The background section of this patent application provides a statement of the field of endeavor to which the invention pertains. This section may also incorporate or contain paraphrasing of certain United States patents, patent applications, publications, or subject matter of the claimed invention useful in relating information, problems, or concerns about the state of technology to which the invention is drawn toward. It is not intended that any United States patent, patent application, publication, statement or other information cited or incorporated herein be interpreted, construed or deemed to be admitted as prior art with respect to the invention.

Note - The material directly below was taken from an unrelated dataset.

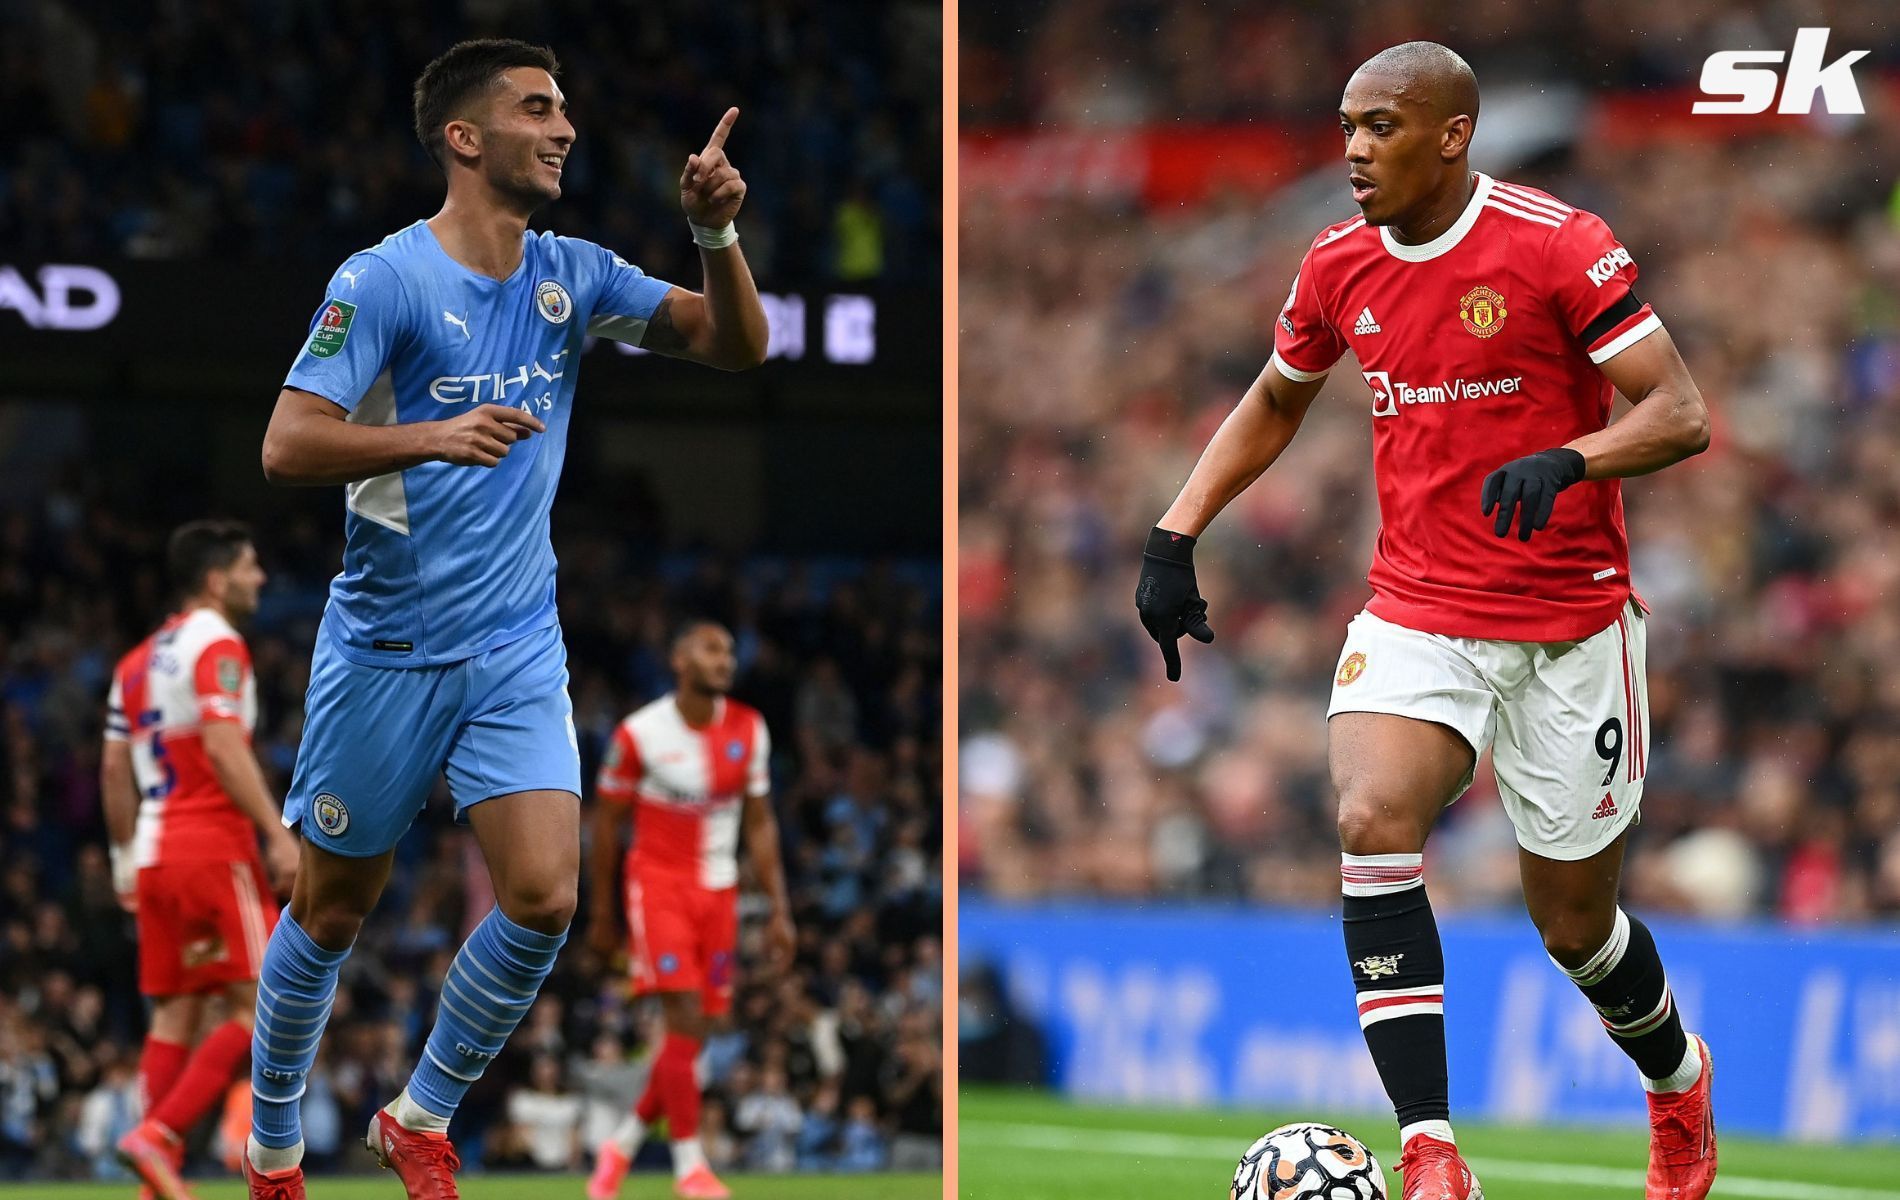 The Premier League is set to lose some top players

The claims set forth in this specification, if any, are hereby incorporated by reference as part of this description of the invention, and the applicant expressly reserves the right to use all of or a portion of such incorporated content of such claims as additional description to support any of or all of the claims or any element or component thereof, and the applicant further expressly reserves the right to move any portion of or all of the incorporated content of such claims or any element or component thereof from the description into the claims or vice-versa as necessary to define the matter for which protection is sought by this application or by any subsequent application or continuation, division, or continuation-in-part application thereof, or to obtain any benefit of, reduction in fees pursuant to, or to comply with the patent laws, rules, or regulations of any country or treaty, and such content incorporated by reference shall survive during the entire pendency of this application including any subsequent continuation, division, or continuation-in-part application thereof or any reissue or extension thereon.

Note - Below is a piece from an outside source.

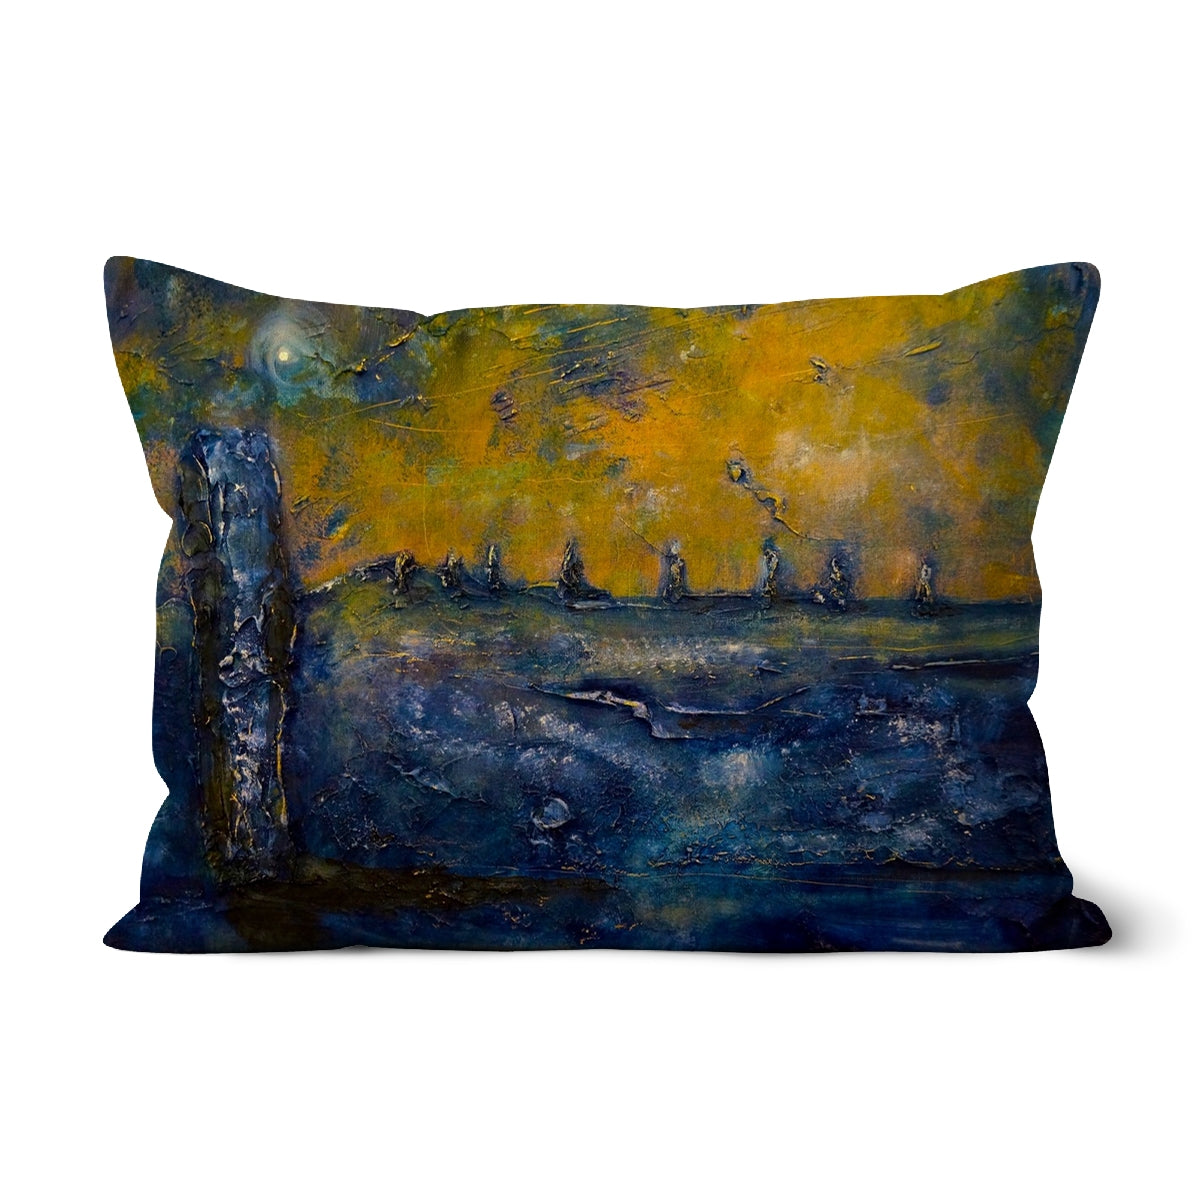 Brodgar Moonlight Orkney Art Gifts Cushion-Cushions-Orkney Art Gallery-Faux Suede-19"x13"-Paintings, Prints, Homeware, Art Gifts From Scotland By Scottish Artist Kevin Hunter

The claims set forth in this specification, if any, are further intended to describe the metes and bounds of a limited number of the preferred embodiments of the invention and are not to be construed as the broadest embodiment of the invention or a complete listing of embodiments of the invention that may be claimed. The applicant does not waive any right to develop further claims based upon the description set forth above as a part of any continuation, division, or continuation-in-part, or similar application.